It looks like you still don't have a good assay to test your protein. Currently you're putting your hopes on the mouse polyclonal antibody made by your colleague. Jumping from a not-very-good-assay into another one, won't give you much information. If I were you, I would try to look for expression of the 37 KDa protein in a Western Blot using the mouse polyclonal antibody. If this works, then your ELISA would probably work. But it's best to use a standard structural technique like immunoblot to gain information instead of a newly developed technique like ELISA and doesn't give you structural information. Use a gradient gel, say 4-20% acrylamide.

To improve the probability of detection, I would use Golgi Plug or Brefeldin A to block the secretion of the protein and make it concentrate inside the secretory pathway (ER, Golgi, endosomes, etc). A few hours is enough (3-4 hrs), take a whole lysate (easily done with cell culture, apply 40 uL of 2xLaemmli buffer to a monolayer (2cm2; one well of a 24 well plate) and shear DNA with an insulin syringe). Load into SDS-PAGE and detect with mouse polycloncal antibody.

Once you detect your protein with Western blot, then you're in a position to study possible stimulation of expression with ligands or drugs. Good luck.

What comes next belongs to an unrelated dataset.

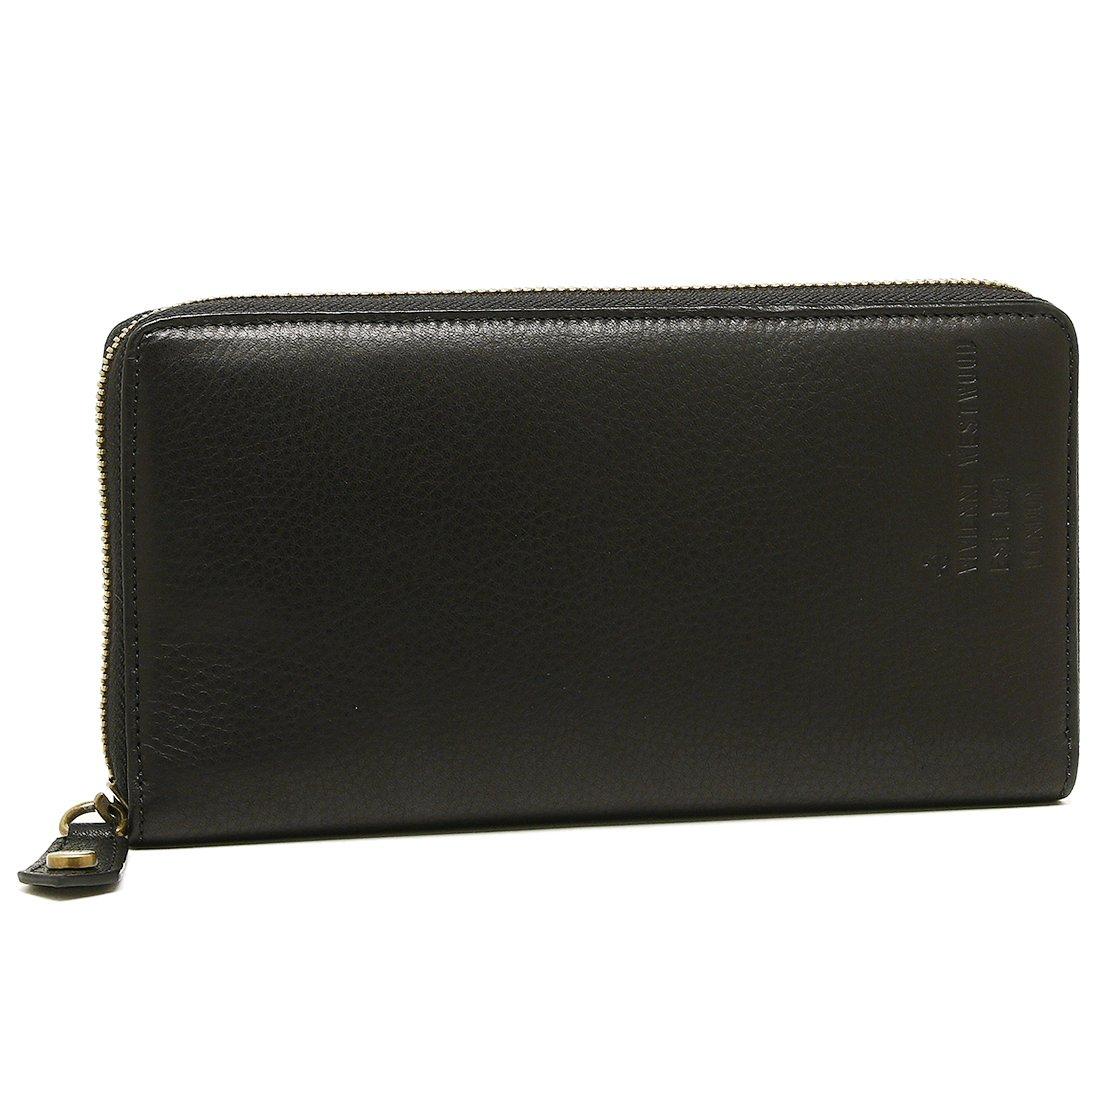 [ヴィヴィアンウエストウッド] 長財布 メンズ Vivienne Westwood 51080021 40240 N401 ブラック [並行輸入品] B07D7172GQ

You could also try Dot Blot with your supernatant. We did that successfully with a 30kDa secreted protein. Just spot your supernatant on a Nitrocellulose or PVDF Membrane and let it dry, block, incubate with your antibody, secondary antibody and detection via HRP. The method is supereasy and straight forward

I agree with Benjamin Jurek, dot blots are more sensitive than ELISAs (an ELISA plate binds only a few % of the sample protein, a PVDF membrane 100%), linear over 5 orders of magnitude (with fluorescence or chemiluminescence detection), cheaper (membrane instead of plates) and quicker too.

However, I always use PVDF, which in experiments with 125I-labelled Hsc70 bound reproducibly nearly all protein, while NC bound only about 60% with considerable variability. Also, NC has the bad habit of fragmenting during development.

You can simply do a spot blot (pippet 1 µL sample onto the membrane), but quantitation is more precise if you use dot-blots with a 96-well vacuum manifold, but the good ones with a gasket of silicone rubber, not the cheap ones sealed with filter paper. I use https://www.bio-rad.com/de-de/sku/1706545-bio-dot-apparatus?ID=1706545

Sorry, if I was not clear. I have used the polyclonal mouse antibody and conducted a WB analysis and done immunostaining and it seems to be very specific. There is just not alot of endogenously expressed protein, I have to use 30ug of protein to detect protein expression on the membrane. Thank you everyone I will do more reading and see if the Dot Blot is applicable!

I AGREE WITH BENJAMIN JUREK

(I would like to know if there is a technique called ELISA cell. ELISPOT is similar?)

Mª Angeles Zorrilla Lopez-Perea : yes, there is, see https://en.wikipedia.org/wiki/ELISpot

It is a technique desighned for detecting and quantifying soluble substances such as peptide, protein, antibodies and hormones.